If you use a batch of inputs, gradient uses the whole input sequence (in this case nine steps), and all the gradients with respect to the independent batch dimensions (in this case five) are added together. Therefore, the returned gradient always has the same size as the output from getLearnableParameters.

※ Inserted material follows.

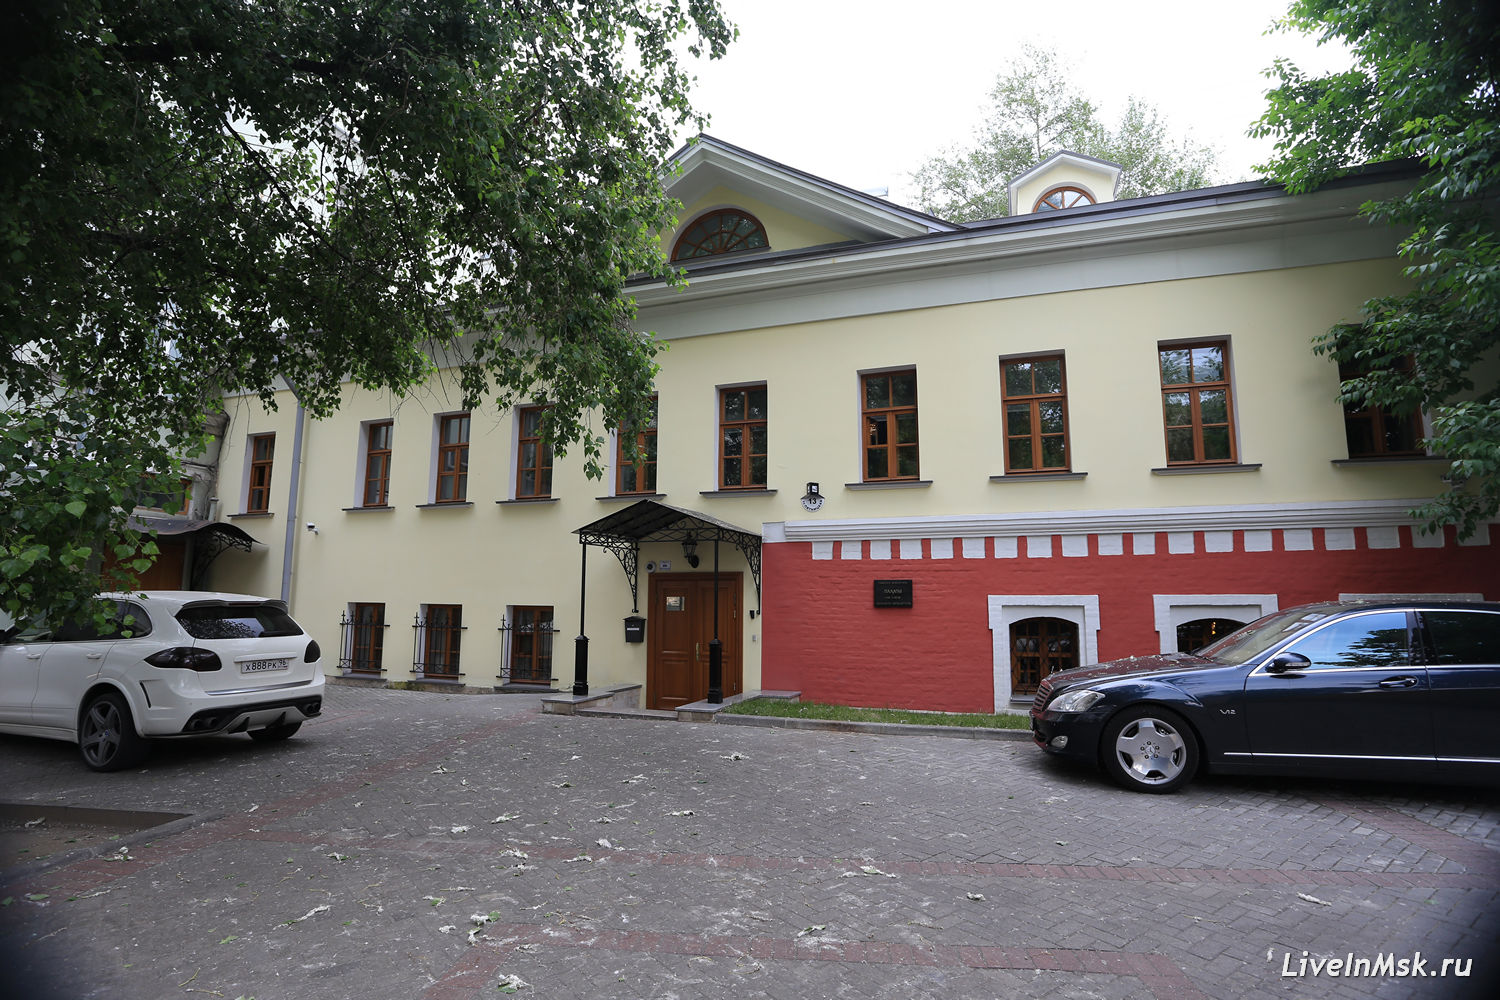 Палаты Петра Замятина, фото 2015 года

Accelerate Gradient Computation for a Discrete Categorical Actor

obsInfo = [rlNumericSpec([4 1]) 
           rlFiniteSetSpec([0 1])];

actInfo =  rlFiniteSetSpec([-1 0 1]);

Create a deep neural network to be used as approximation model within the actor. The output layer must have three elements, each one expressing the value of executing the corresponding action, given the observation. To create a recurrent neural network, use sequenceInputLayer as the input layer and include an lstmLayer as one of the other network layers.

% Define paths
inPath1 = [ 
    sequenceInputLayer(prod(obsInfo(1).Dimension))
    fullyConnectedLayer(prod(actInfo.Dimension),Name="fc1") 
    ];

inPath2 = [ 
    sequenceInputLayer(prod(obsInfo(2).Dimension))
    fullyConnectedLayer(prod(actInfo.Dimension),Name="fc2") 
    ];

% Concatenate previous paths outputs along first dimension
jointPath = [ 
    concatenationLayer(1,2,Name="cct")
    tanhLayer
    lstmLayer(8,OutputMode="sequence")
    fullyConnectedLayer( ...
        prod(numel(actInfo.Elements)), ...
        Name="jntfc")
        ];

% Assemble dlnetwork object
net = dlnetwork;
net = addLayers(net,inPath1);
net = addLayers(net,inPath2);
net = addLayers(net,jointPath);

% Connect layers
net = connectLayers(net,"fc1","cct/in1");
net = connectLayers(net,"fc2","cct/in2");

% Plot network
plot(net)

Figure contains an axes object. The axes object contains an object of type graphplot.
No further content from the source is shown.